> What to do
With the records as your source, report how many lines contain "Angeles". Add no other words.

━━ Dataset ━━

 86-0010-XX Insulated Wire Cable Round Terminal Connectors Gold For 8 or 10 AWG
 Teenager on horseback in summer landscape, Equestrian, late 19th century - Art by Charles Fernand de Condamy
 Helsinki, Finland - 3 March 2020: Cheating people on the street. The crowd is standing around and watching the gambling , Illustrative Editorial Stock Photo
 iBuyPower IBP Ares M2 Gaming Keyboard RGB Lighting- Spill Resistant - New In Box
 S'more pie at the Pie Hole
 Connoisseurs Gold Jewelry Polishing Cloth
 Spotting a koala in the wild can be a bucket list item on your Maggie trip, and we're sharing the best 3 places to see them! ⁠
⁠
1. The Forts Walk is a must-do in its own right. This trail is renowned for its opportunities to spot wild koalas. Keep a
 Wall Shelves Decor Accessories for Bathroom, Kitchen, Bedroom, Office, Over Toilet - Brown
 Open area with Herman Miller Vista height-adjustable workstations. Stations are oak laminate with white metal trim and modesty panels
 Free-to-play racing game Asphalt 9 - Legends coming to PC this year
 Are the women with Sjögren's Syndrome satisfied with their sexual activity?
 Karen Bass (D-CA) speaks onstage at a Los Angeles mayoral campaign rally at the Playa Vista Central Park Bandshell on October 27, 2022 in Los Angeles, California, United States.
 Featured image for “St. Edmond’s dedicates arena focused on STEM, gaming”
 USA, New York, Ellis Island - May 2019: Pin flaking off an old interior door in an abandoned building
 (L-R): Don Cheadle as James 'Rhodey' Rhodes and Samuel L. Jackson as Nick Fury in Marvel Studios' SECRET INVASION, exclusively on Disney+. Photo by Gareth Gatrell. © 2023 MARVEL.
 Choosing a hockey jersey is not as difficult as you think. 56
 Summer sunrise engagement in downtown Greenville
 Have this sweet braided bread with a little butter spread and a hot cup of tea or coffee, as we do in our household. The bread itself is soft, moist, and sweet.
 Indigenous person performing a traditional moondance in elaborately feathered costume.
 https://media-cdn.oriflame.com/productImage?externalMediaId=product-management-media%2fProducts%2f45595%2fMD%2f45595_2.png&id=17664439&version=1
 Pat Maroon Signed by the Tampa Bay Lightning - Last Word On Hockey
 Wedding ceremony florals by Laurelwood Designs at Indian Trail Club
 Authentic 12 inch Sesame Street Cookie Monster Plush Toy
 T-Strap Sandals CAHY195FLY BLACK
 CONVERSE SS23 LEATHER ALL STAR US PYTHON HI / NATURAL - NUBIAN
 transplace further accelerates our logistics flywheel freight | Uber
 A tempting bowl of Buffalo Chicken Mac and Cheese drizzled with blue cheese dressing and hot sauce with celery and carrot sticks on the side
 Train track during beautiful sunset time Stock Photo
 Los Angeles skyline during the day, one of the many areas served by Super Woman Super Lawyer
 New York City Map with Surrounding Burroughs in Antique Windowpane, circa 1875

━━━

> Result for this exercise
2